143 I note that Austin J in GIO General referred to Campbell J's remarks and applied them (at [11]-[12]), but again, it was only a decision on the scope of the retrospective deeming in the first sentence of s 601AH(5). It was not a decision about the scope of the power in s 601AH(3).
144 An order under s 601AH(3)(d), which revests part of a company's property at an earlier time, even for a limited purpose, does not in any way contradict or make redundant, or nugatory, the provisions of s 601AD(4) and s 601AE(2) of the Corporations Act. Those provisions are directed to the time prior to reinstatement and the powers of ASIC, whilst vested with the property of a deregistered company. ASIC is, at that stage, prior to any reinstatement application, empowered as an owner. Once the company is reinstated, ASIC no longer needs those powers. I am unable to discern an inconsistency on the face of the statute in recognising, consistently with the first sentence of s 601AH(5), that the powers that ASIC has during the period of deregistration ceased to have relevance on reinstatement and hence no practical impact on the Court's power under s 601AH(3)(d).
145 Accordingly, I consider that the orders sought of paras 6, 7, or 8 of the Minute are within power.
146 As to discretionary considerations, I note that:
(a) the plaintiffs objectives' are on their face entirely lawful and reasonable;
(b) if the Commissioner wishes to oppose the tax consequences of the ancillary orders, there remains ample opportunity in other administrative or judicial proceedings to do so. These orders simply allow the plaintiffs to contend for such consequences. The outcome of that debate awaits another day; and
(c) making the ancillary orders is more consistent with the primary statutory objective (described above as the 'as-you-were' effect) than not making them.

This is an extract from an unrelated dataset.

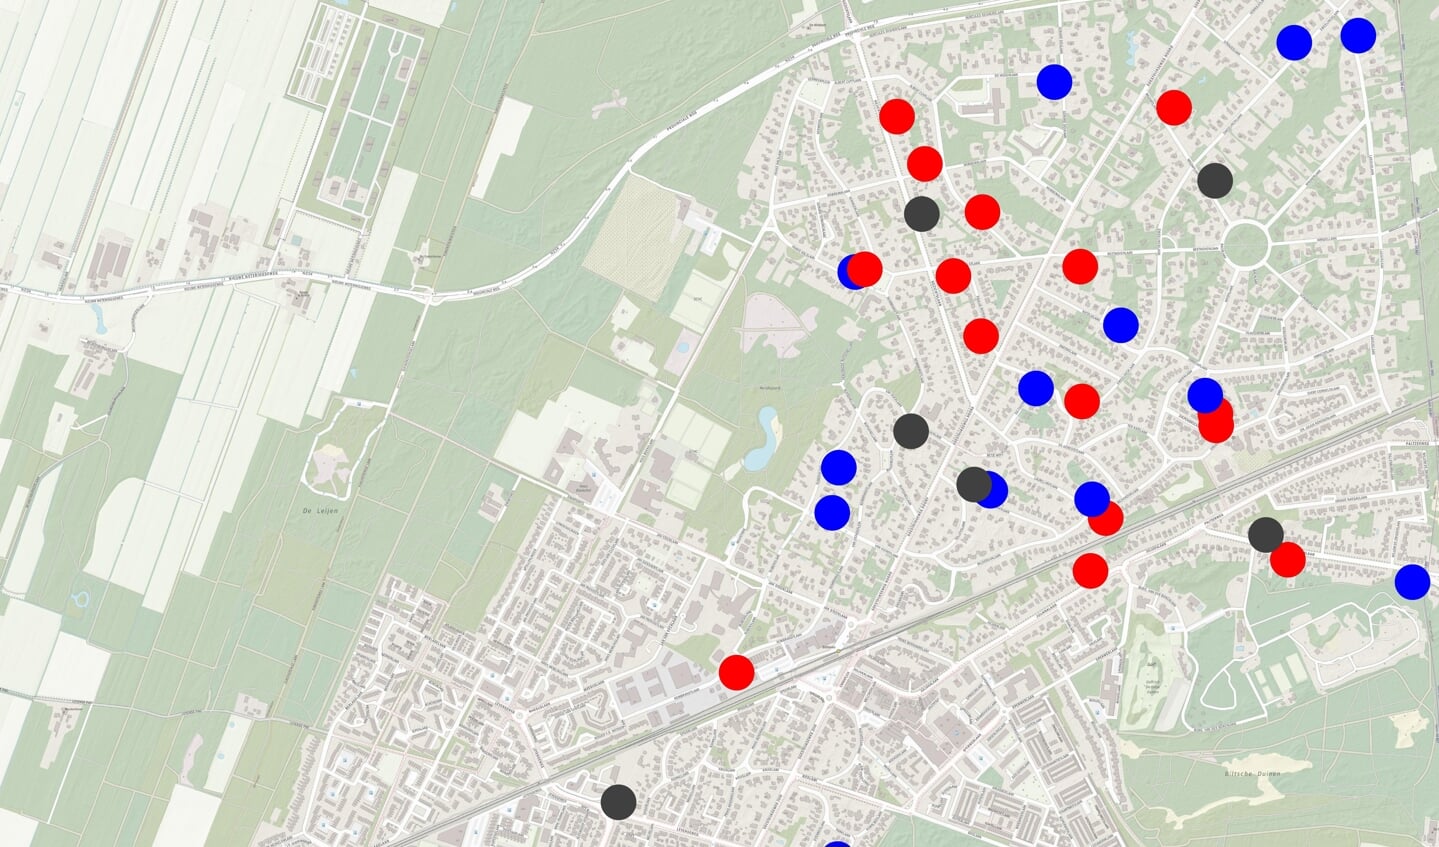 Het grootste aantal struikelstenen valt in De Bilt te verwachten, maar ook Groenekan, Westbroek en Hollandsche Rading staan op de nominatie.
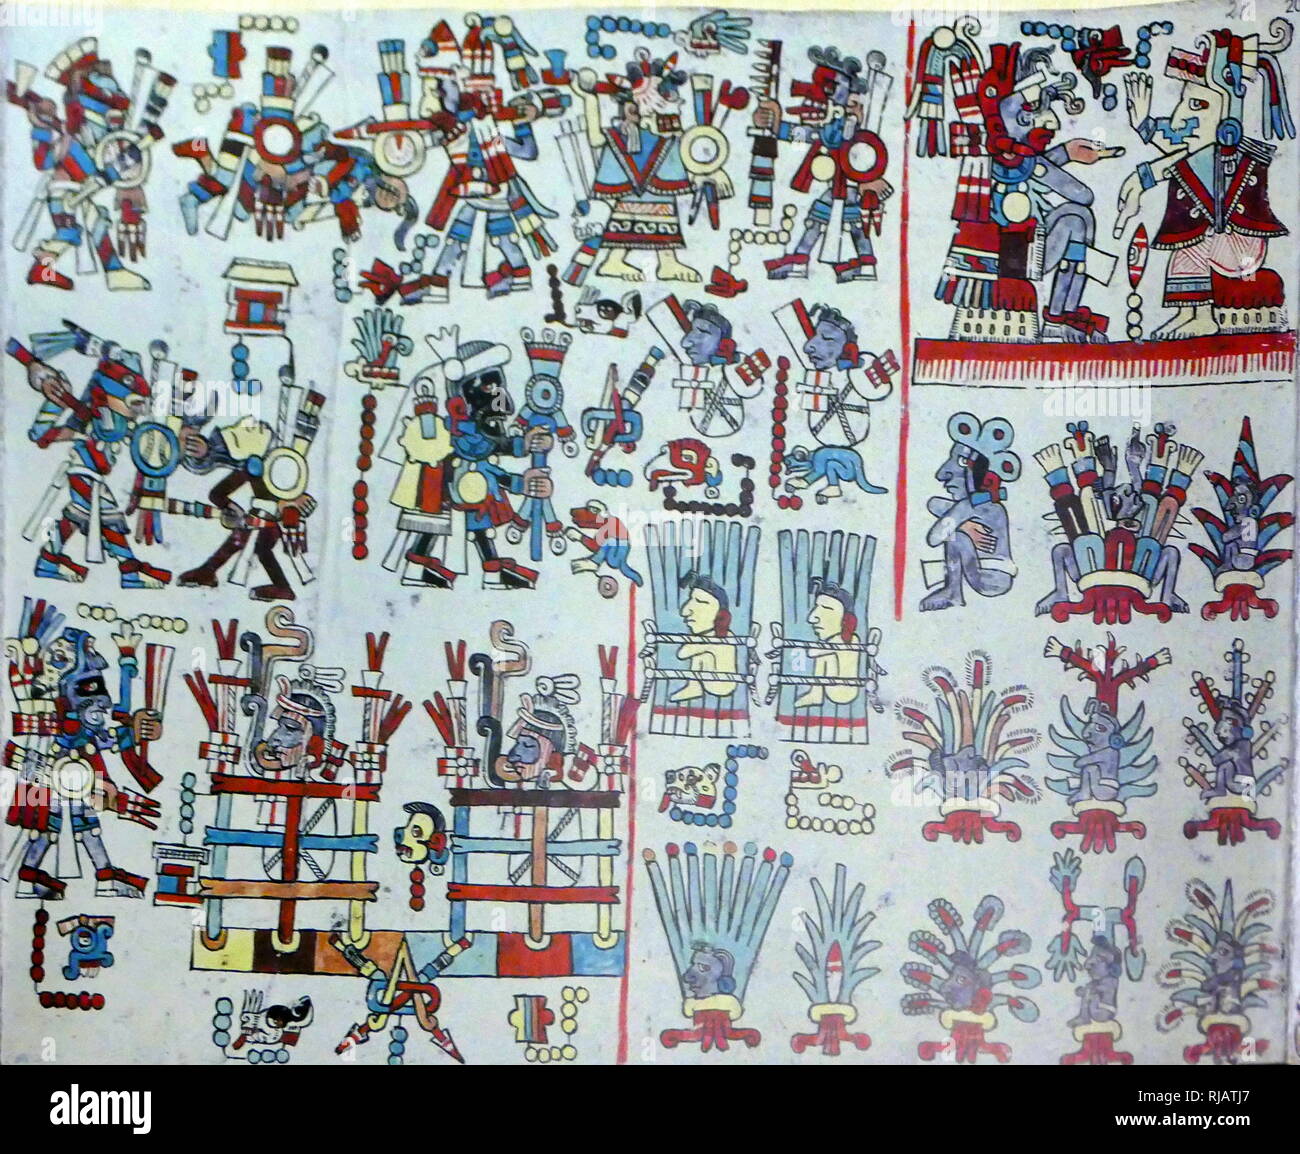 Der Codex Zouche-Nuttall oder Codex Tonindeye ist ein Akkordeon - gefaltet Präkolumbianischen Dokument der Mixtekischen pictography, jetzt in die Sammlungen des Britischen Museums. Es ist eines von ca. 16 Handschriften aus Mexiko, die ganz Präkolumbischen Ursprungs. Ca. 14. Stockfoto

147 Further, in exercise of discretion as to whether such orders should be made and, if so, which of them, in my view, it is desirable to grant no more than the minimum relief necessary to do justice and to do so solely for the stated purpose in the way described in submissions which, in this instance, is to enable possible membership of the TBGL tax consolidated group and for the specific purpose of future tax benefit, not past benefits. To that end, para 8 of the Minute is the preferable order, but it should be further qualified for clarity that it is directed to enable the relevant companies to contend for that tax consequence.
148 Nothing in these reasons addresses the availability of such consequences or the availability of arguments as to the possibility of a Pt IVA 'scheme'. They and other tax considerations will doubtless be dealt with elsewhere. Further, I have some concern about (but no fixed view), as to whether it is necessary for ASIC to have held the shares 'as nominee'. The precise legal consequence of that characterisation is not entirely clear. Submissions have not yet been directed to it. I consider the terminology used in the Minute may be preferred and may be adequate.